The virus genome consists of an L and S segment, which encode the RNA-dependent RNA polymerase (LP), matrix (Z) protein, nucleoprotein (NP), and the glycoprotein precursor (GPC). Phylogenetic analyses of either partial or full-length LASV protein sequences have revealed that four lineages exist among LASV isolates. The four lineages correlate strongly with the geographic point of origin for the respective isolates (Bowen et al., 2000). While each lineage can be distinctly delineated from one another in phylogenetic analyses of each full-length gene (with the exception of the small Z protein), there is some variability in the relationships between individual lineages for each gene (Ehichioya et al., 2011). With full-length LASV sequences becoming more readily available, more extensive phylogenetic analyses utilizing full-length genes over a longer time frame can be performed, allowing for more complete characterization of each individual lineage.

LASV has been suggested to have arrived in the Sierra Leone region from Nigeria between 150 and 250 years ago due to movement within the colonial period, and the recent emergence of LASV within Mali and the Ivory Coast has been suggested to be caused by movement during the Sierra Leone civil war between 1991 and 2002 (Lalis et al., 2012). The prototypic strain from the Ivory Coast, AV, was reported in 2000 as a case imported into Germany (Gunther et al., 2000). Although cases of LF have been reported in the Ivory Coast and Mali, sequencing data for isolates from these countries has only become available within the last few years (Safronetz et al., 2010, 2013). While the sequence data for these isolates has become readily available, the genetic relationship of these isolates to the classical lineages has not been completely characterized. The purpose of this study was to determine whether a fifth lineage is emerging within Mali and the Ivory Coast using analyses of complete LP, NP, and GPC genes. Using Bayesian analysis, we investigated the relationship of isolates from Mali and the Ivory Coast to all available isolates within the four traditional lineages.


Sequence Alignments

Full-length L and S segments for each available isolate were imported into SeaView 4 (Gouy et al., 2010) from GenBank (Table 1), and nucleotide sequences were aligned as amino acids using MUSCLE (Edgar, 2004), and subsequently converted back to nucleotide sequences in order to maintain third-nucleotide alignment. The resulting alignments were trimmed to include only ORFs for LP, NP, and GPC sequences and exported as nexus files for phylogenetic analysis.

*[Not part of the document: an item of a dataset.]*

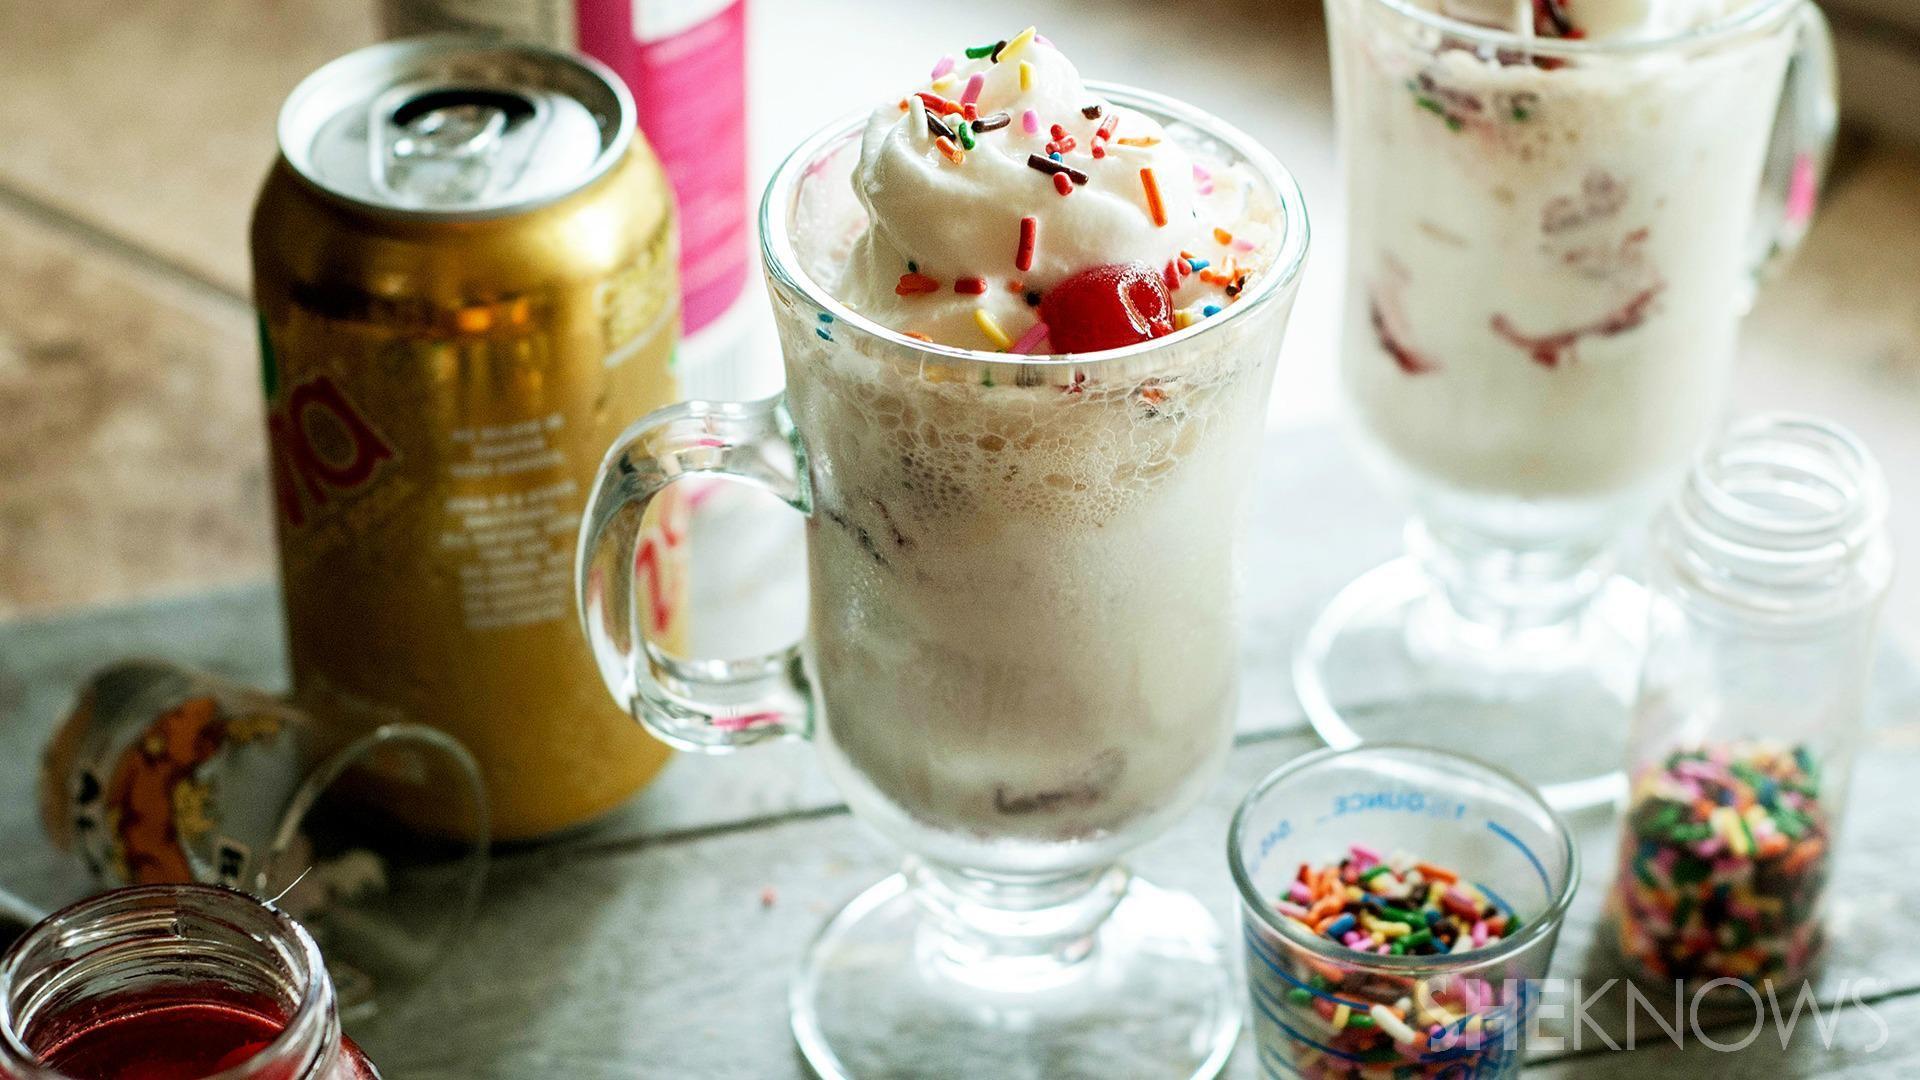 Boozy cake batter ice cream float will make you glad you're 21+

Table 1. Demographic information for each LASV isolate used in the analysis.

Phylogenetic Analysis

Trees for LP, NP, and GPC were generated in MrBayes (Huelsenbeck and Ronquist, 2001; Ronquist and Huelsenbeck, 2003). The software utilizes a Bayesian Markov chain Monte Carlo (MCMC) algorithm to infer phylogenetic relationships. Parameters were set to utilize the invariant gamma rate of substitution model. Four chains (one hot chain and three cold chains) were utilized, and data was sampled every 100 steps. Each analysis was run for 10,000,000 steps with burn-ins set to 250,000 steps. Data was analyzed using Tracer version 1.6 ( to confirm sufficient data sampling for each data set.

BEAST trees were generated for LP, NP, and GPC using BEAST (Drummond and Rambaut, 2007; Drummond et al., 2012). BEAST employs a Bayesian MCMC approach to infer demographic histories, evolutionary rates, and dates of divergence from serially (dated) sampled sequence data. Statistical uncertainty in the data is reflected in the 95% highest posterior density (HPD) values. Analyses were performed using the Bayesian Skyline Plot (BSP) model of population growth, which does not use a pre-specified demographic model (Drummond et al., 2005). The uncorrelated lognormal (UCLN) relaxed clock model, which allows rate variation among lineages in the phylogeny to be estimated (Drummond et al., 2006) was used. The MCMC chain was 100 million samples long, thinned to include every 5000th state in the final sample. The program Tracer version 1.6 was used to confirm stationarity. The software TreeAnnotator version 1.7.1 ( was used to summarize the data output from BEAST. The maximum clade credibility (MCC) tree was estimated using mean node heights after discarding the initial 10% of generations.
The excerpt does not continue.